_About this task_
Exactly the lines below from the one with "Bräutigam hebt mit Luftballone ab" up to and including the one with "Massimo Jorden bambu" make up the answer, with nothing else added.

━━━ Material for the task

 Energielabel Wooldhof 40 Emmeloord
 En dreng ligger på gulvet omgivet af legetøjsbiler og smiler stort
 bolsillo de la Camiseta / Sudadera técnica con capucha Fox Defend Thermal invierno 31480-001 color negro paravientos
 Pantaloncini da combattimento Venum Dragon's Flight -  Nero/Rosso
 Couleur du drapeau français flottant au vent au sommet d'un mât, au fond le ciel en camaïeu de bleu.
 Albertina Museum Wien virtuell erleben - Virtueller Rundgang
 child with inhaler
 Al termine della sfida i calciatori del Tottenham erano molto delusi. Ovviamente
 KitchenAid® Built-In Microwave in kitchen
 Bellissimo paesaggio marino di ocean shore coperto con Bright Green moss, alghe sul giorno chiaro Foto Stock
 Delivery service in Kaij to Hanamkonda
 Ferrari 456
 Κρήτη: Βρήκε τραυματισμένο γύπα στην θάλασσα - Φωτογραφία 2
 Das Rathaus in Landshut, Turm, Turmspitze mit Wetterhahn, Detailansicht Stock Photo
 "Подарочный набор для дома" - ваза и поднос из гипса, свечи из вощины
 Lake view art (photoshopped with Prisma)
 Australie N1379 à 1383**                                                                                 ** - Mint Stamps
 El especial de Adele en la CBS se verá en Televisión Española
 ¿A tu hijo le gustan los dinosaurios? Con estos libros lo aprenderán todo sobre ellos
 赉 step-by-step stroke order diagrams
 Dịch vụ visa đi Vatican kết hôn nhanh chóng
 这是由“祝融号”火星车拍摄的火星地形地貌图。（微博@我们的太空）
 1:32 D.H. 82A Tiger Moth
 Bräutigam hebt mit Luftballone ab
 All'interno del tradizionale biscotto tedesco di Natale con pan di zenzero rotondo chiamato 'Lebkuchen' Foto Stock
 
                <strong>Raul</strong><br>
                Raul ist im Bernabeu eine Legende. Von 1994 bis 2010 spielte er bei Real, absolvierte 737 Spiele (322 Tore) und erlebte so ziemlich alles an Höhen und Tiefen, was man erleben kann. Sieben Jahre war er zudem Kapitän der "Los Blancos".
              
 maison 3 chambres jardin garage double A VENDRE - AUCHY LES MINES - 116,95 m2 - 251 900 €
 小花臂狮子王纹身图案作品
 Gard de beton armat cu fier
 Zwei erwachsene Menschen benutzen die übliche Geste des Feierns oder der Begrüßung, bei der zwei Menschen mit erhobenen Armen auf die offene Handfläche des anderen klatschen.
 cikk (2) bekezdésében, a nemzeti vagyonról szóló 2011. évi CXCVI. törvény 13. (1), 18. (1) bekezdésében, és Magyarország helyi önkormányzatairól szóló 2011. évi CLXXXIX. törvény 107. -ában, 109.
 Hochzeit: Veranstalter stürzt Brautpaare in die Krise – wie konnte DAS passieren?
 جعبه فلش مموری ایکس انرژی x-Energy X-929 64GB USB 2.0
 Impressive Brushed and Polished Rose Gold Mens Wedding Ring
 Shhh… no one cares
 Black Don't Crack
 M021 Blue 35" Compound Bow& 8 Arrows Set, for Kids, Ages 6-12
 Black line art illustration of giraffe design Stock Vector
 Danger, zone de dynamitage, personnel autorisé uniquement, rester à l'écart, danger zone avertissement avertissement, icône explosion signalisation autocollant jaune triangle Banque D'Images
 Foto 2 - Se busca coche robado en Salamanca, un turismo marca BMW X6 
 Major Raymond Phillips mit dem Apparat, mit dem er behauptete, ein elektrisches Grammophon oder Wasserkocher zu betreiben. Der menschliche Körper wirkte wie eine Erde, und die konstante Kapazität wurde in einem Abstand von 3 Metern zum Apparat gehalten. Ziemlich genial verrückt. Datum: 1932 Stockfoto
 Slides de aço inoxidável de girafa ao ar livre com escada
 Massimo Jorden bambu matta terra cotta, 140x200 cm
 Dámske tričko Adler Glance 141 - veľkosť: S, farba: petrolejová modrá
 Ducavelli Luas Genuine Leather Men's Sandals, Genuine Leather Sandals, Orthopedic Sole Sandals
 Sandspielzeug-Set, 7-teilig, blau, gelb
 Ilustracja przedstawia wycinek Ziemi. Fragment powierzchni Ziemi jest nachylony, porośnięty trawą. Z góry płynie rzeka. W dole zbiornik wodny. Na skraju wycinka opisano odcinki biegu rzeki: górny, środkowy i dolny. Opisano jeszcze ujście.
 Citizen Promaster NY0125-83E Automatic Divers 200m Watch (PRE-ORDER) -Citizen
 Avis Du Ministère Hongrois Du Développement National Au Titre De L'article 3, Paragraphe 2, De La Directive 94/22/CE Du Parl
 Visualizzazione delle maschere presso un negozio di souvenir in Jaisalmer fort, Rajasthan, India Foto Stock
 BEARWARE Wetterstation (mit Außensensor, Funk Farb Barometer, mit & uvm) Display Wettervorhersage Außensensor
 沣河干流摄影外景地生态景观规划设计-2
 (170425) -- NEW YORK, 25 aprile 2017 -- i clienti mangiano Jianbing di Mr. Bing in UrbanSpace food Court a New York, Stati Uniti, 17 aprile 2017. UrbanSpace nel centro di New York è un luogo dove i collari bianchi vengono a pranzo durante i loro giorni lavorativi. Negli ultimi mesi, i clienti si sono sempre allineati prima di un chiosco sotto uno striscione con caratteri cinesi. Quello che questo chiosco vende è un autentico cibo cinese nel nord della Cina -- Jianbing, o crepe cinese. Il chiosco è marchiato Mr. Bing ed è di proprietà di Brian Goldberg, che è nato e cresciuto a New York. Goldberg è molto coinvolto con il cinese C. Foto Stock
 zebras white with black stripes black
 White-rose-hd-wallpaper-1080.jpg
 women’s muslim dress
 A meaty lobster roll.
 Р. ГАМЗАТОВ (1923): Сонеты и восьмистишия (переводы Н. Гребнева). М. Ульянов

━━━━━━

_Result of the task_
 Bräutigam hebt mit Luftballone ab
 All'interno del tradizionale biscotto tedesco di Natale con pan di zenzero rotondo chiamato 'Lebkuchen' Foto Stock
 
                <strong>Raul</strong><br>
                Raul ist im Bernabeu eine Legende. Von 1994 bis 2010 spielte er bei Real, absolvierte 737 Spiele (322 Tore) und erlebte so ziemlich alles an Höhen und Tiefen, was man erleben kann. Sieben Jahre war er zudem Kapitän der "Los Blancos".
              
 maison 3 chambres jardin garage double A VENDRE - AUCHY LES MINES - 116,95 m2 - 251 900 €
 小花臂狮子王纹身图案作品
 Gard de beton armat cu fier
 Zwei erwachsene Menschen benutzen die übliche Geste des Feierns oder der Begrüßung, bei der zwei Menschen mit erhobenen Armen auf die offene Handfläche des anderen klatschen.
 cikk (2) bekezdésében, a nemzeti vagyonról szóló 2011. évi CXCVI. törvény 13. (1), 18. (1) bekezdésében, és Magyarország helyi önkormányzatairól szóló 2011. évi CLXXXIX. törvény 107. -ában, 109.
 Hochzeit: Veranstalter stürzt Brautpaare in die Krise – wie konnte DAS passieren?
 جعبه فلش مموری ایکس انرژی x-Energy X-929 64GB USB 2.0
 Impressive Brushed and Polished Rose Gold Mens Wedding Ring
 Shhh… no one cares
 Black Don't Crack
 M021 Blue 35" Compound Bow& 8 Arrows Set, for Kids, Ages 6-12
 Black line art illustration of giraffe design Stock Vector
 Danger, zone de dynamitage, personnel autorisé uniquement, rester à l'écart, danger zone avertissement avertissement, icône explosion signalisation autocollant jaune triangle Banque D'Images
 Foto 2 - Se busca coche robado en Salamanca, un turismo marca BMW X6 
 Major Raymond Phillips mit dem Apparat, mit dem er behauptete, ein elektrisches Grammophon oder Wasserkocher zu betreiben. Der menschliche Körper wirkte wie eine Erde, und die konstante Kapazität wurde in einem Abstand von 3 Metern zum Apparat gehalten. Ziemlich genial verrückt. Datum: 1932 Stockfoto
 Slides de aço inoxidável de girafa ao ar livre com escada
 Massimo Jorden bambu matta terra cotta, 140x200 cm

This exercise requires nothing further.